Results Workflows

The following workflows will perform clade and lineage assignment using Nextclade and Pangolin, respectively. The SC2_lineage_calling_and_results.wdl should be run following assembly with one of the three above reference-based assembly workflows. The SC2_mulitfasta_lineage_calling can be run on any multifasta file and is not dependent on any of the above workflows.

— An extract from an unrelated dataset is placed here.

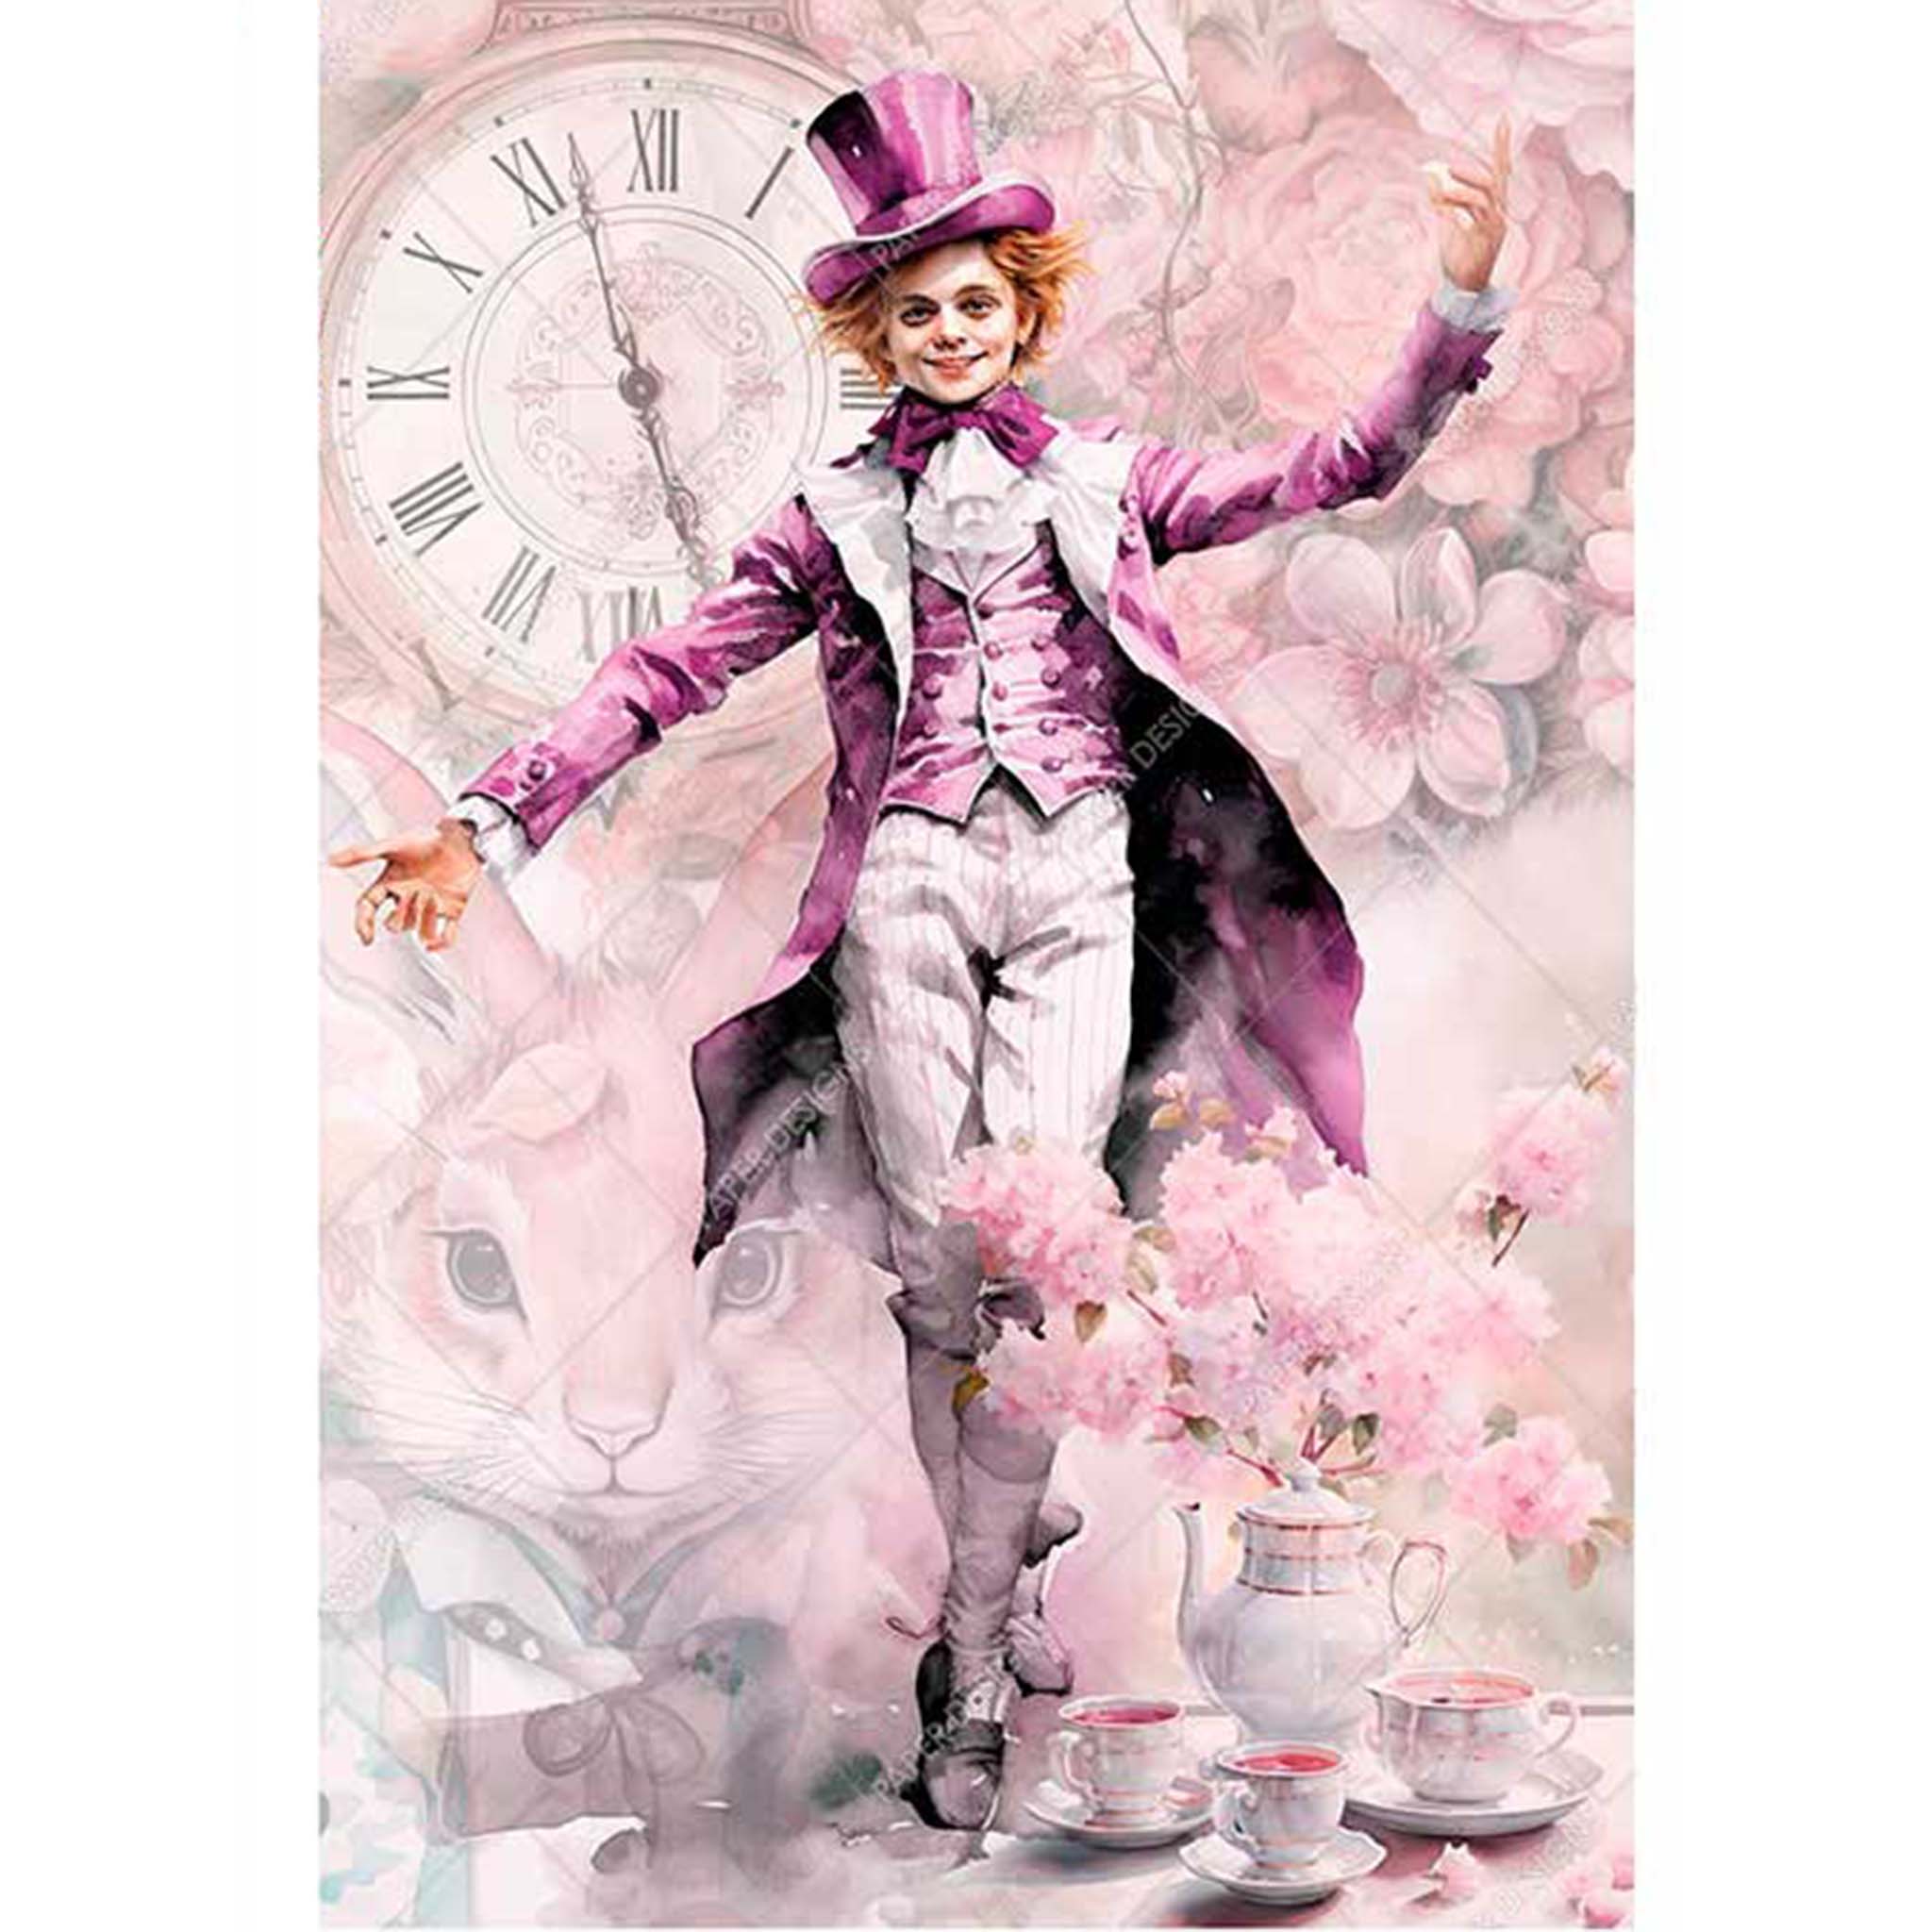 A3 rice paper design featuring The Mad Hatter and a tea set against a large clock face and rabit face in front of a pink floral background. White borders are on the sides.

Lineage Calling and Results Workflow

File: SC2_lineage_calling_and_results.wdl

This workflow should be run following assembly with one of the three reference based assembly workflows. The workflow accepts "sample_set" as the root entity type and uses the data table from any of the three assembly workflows. All three assembly workflows (illumina pe, illumina se, and ont) are compatible with this workflow. Breifly the workflow performs the following:

  1. concatenates consensus sequences from the sequencing run into a single fasta file
  2. runs panoglin on the concatenated fasta file
  3. runs nextclade on the concatenated fasta file
  4. parses the nextclade json file output using the nextclade_json_parser.py script which pulls out clade and nucleotide and animo acid changes information and converts it to a tabular format.
  5. Concaenates sequencing assembly metrics (e.g. percent coverage, assembler version), lineage and clade information, and sequence metadata (e.g. plate name, sample well location) into a single csv file.
  6. Generates a csv file with sequencing assembly metrics and lineage information that can be used to parse sequencing data into our LIMS.
  7. Transfers intermediate and summary files to a user defined google bucket.

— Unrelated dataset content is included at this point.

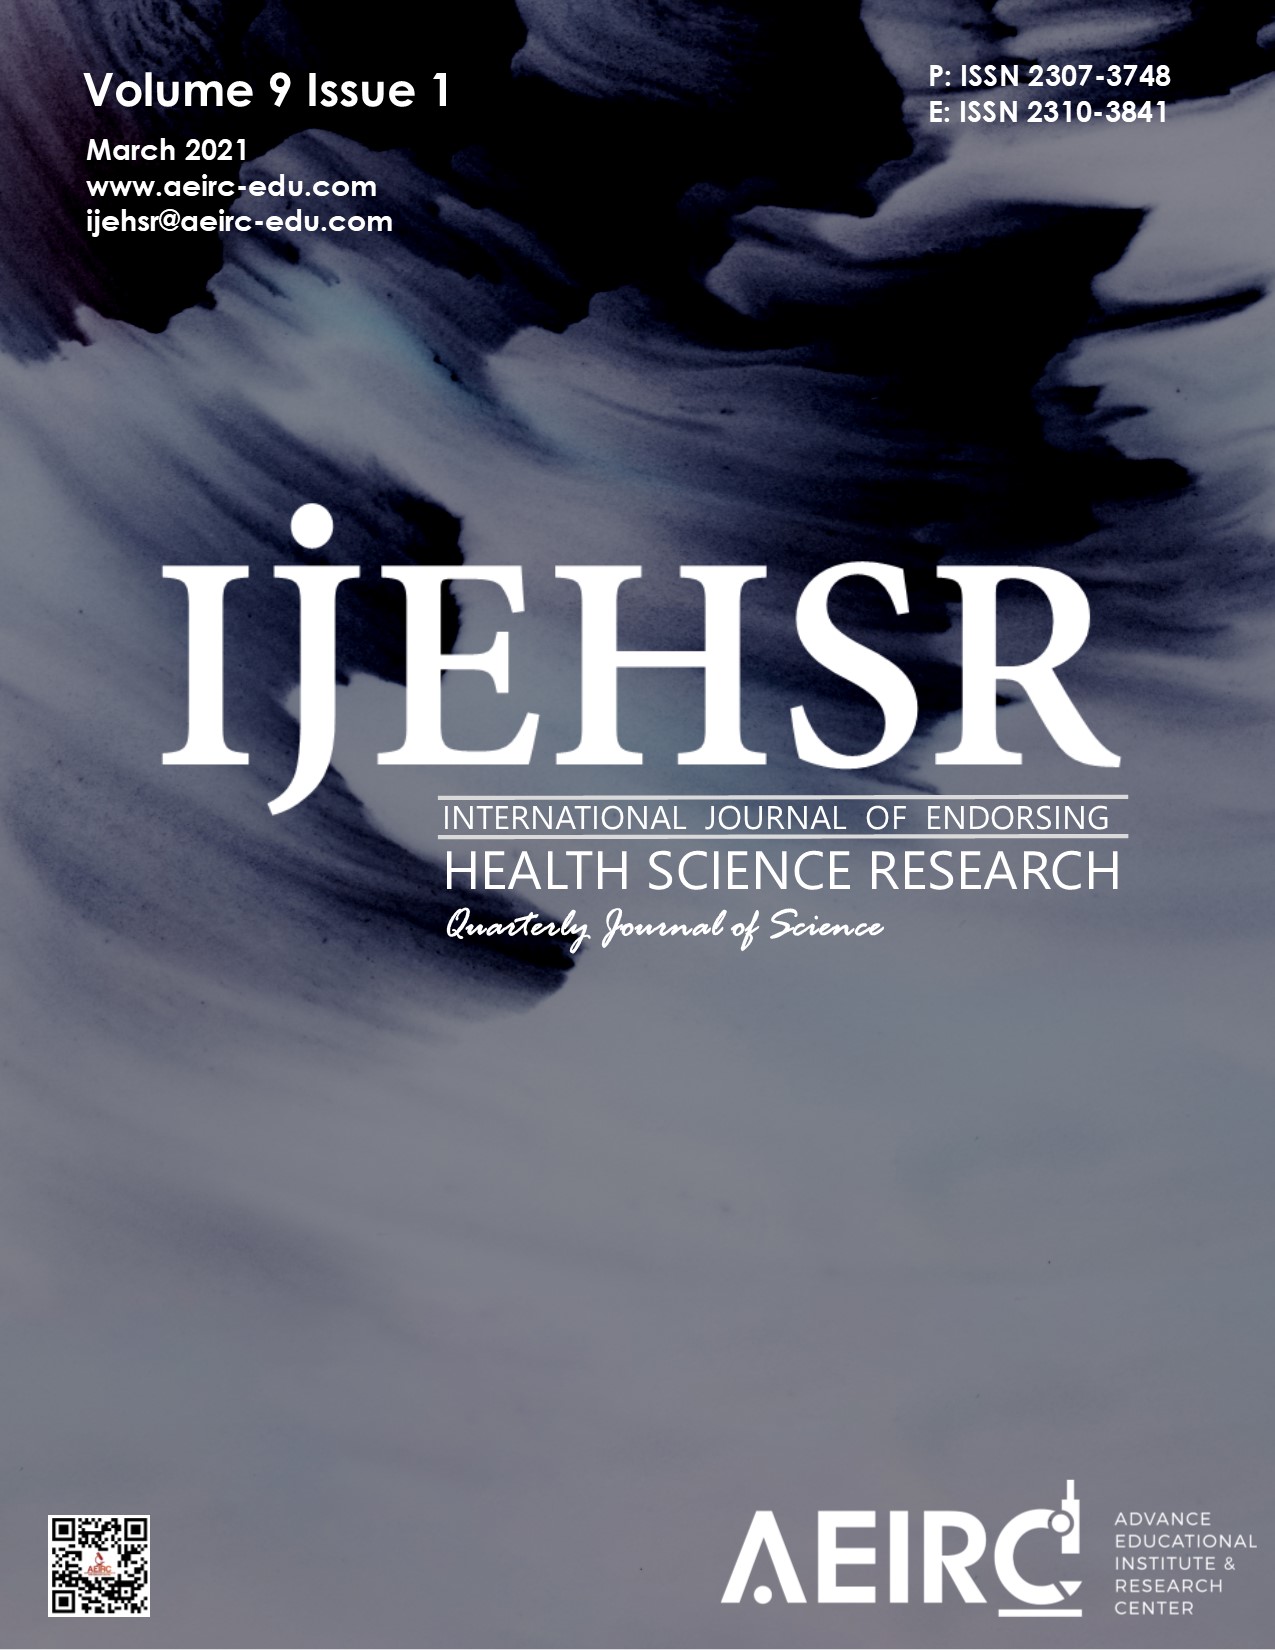 					View Vol. 9 No. 1 (2021): International Journal of Endorsing Health Science Research

SC2_lineage_calling_and_results.wdl workflow diagram

Inputs

Below is a summary of the workflow input variables along with the syntax used for the attribute column when setting up the workflow to run on Terra.bio. For the attributes, the "this.sample{terra_datatable_name}s." syntax refers Terra to pull the variable from the terra datatable as used for sample sets. These variables were either in the original terra datatable as inputs for the assembly workflow (see referece based assembly workflow inputs sections above for more details) or added as outputs during the assemlby workflow (see reference based assembly workflow outputs sections for more details). The "workspace." syntax refers Terra to pull the variable from the terra workspace data. Workspace data is describe in the Getting Started drop down menu above.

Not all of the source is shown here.